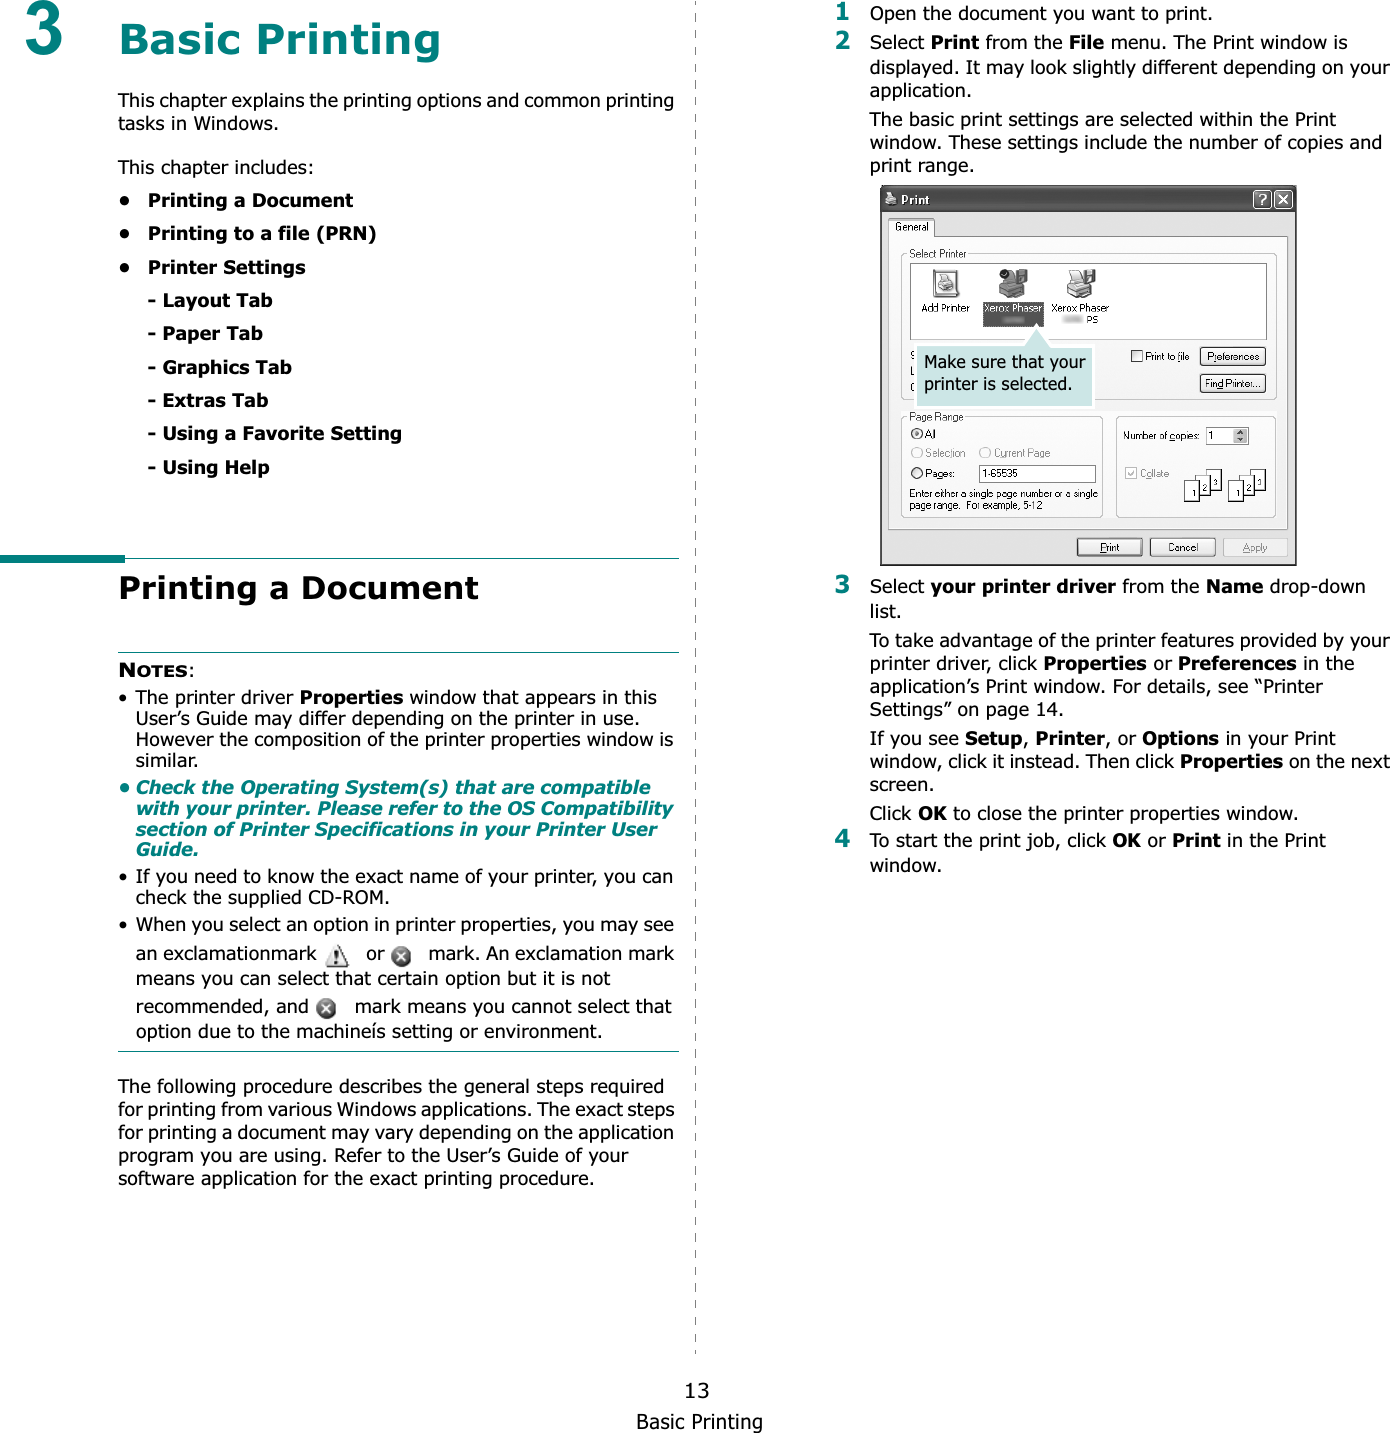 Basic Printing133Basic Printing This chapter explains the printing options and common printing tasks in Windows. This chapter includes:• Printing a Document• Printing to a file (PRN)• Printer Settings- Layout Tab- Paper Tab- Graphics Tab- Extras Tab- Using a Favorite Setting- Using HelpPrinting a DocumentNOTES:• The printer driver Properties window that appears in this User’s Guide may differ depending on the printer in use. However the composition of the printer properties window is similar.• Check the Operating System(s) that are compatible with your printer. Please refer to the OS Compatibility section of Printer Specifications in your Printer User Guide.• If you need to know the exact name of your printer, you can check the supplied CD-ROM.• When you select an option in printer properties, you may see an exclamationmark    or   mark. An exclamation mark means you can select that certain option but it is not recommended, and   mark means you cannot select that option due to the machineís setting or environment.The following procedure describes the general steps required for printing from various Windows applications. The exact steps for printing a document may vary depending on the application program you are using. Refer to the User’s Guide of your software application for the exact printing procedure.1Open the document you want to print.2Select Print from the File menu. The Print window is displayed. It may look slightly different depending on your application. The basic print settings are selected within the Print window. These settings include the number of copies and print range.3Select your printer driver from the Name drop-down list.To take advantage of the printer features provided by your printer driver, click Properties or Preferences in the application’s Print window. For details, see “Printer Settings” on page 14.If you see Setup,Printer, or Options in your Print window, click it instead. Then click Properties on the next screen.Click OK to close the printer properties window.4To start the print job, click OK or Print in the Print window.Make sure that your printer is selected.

•••••

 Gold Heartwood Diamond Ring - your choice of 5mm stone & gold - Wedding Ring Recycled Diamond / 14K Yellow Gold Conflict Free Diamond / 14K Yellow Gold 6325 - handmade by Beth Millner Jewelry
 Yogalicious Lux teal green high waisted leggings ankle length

•••••

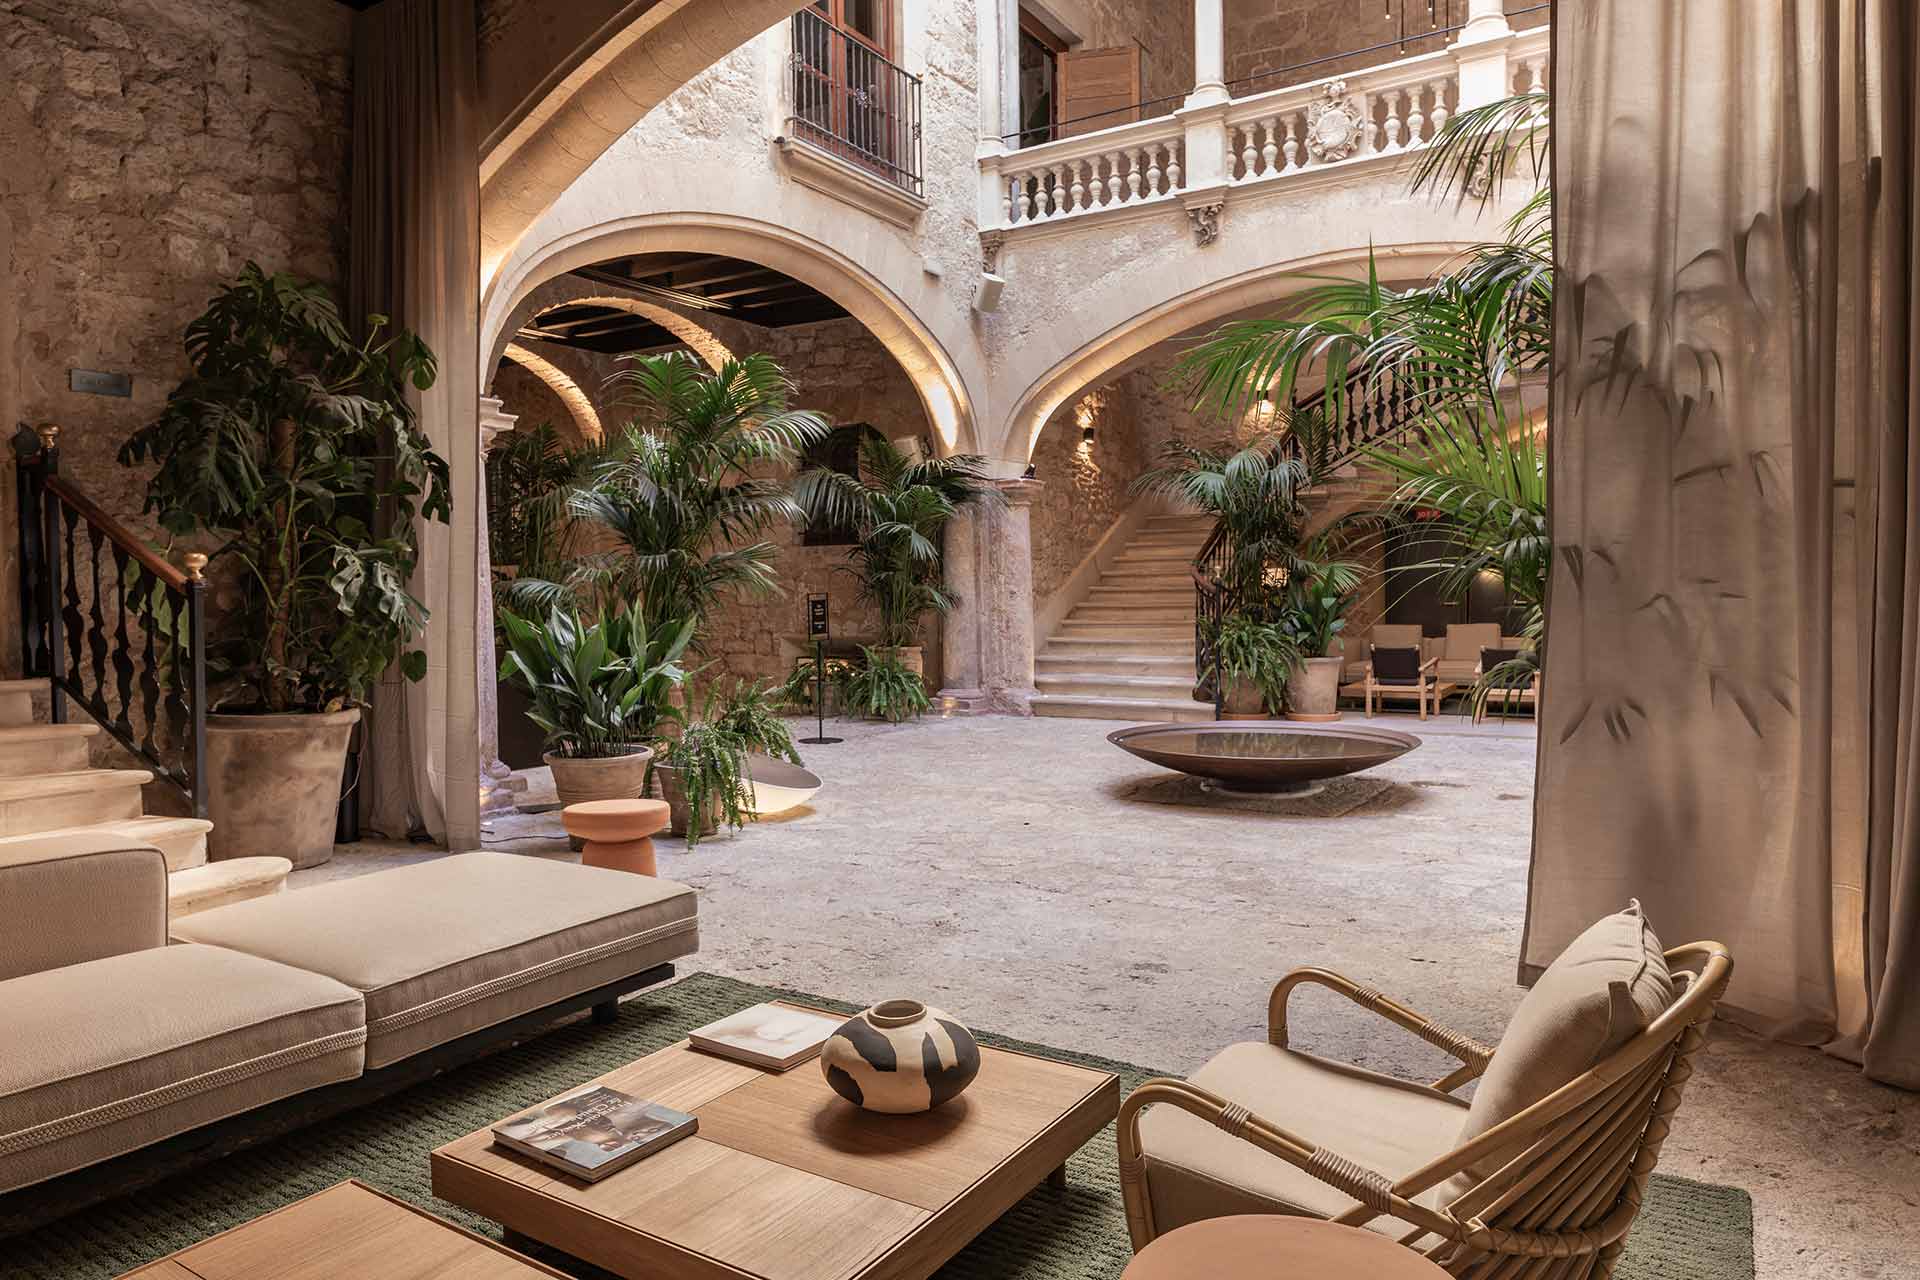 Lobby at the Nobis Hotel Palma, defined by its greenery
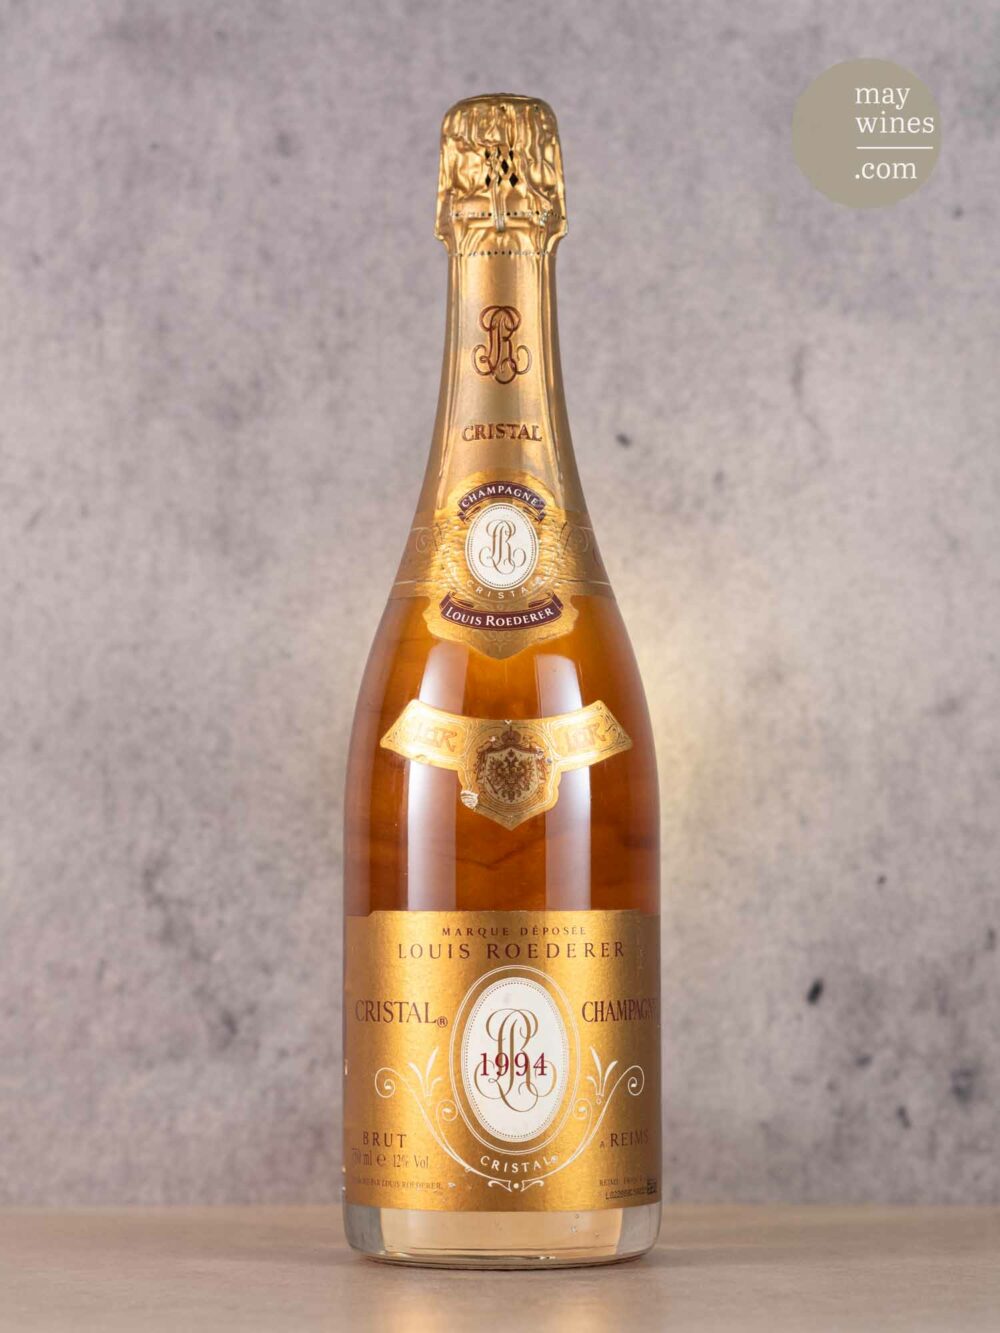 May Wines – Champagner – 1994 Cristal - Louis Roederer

•••••

[Your task] Give an exact copy of the lines above from the line with "Gold Heartwood Diamond" up to and including the line with "Yogalicious Lux teal", and leave everything else out.

[Reply]
 Gold Heartwood Diamond Ring - your choice of 5mm stone & gold - Wedding Ring Recycled Diamond / 14K Yellow Gold Conflict Free Diamond / 14K Yellow Gold 6325 - handmade by Beth Millner Jewelry
 Yogalicious Lux teal green high waisted leggings ankle length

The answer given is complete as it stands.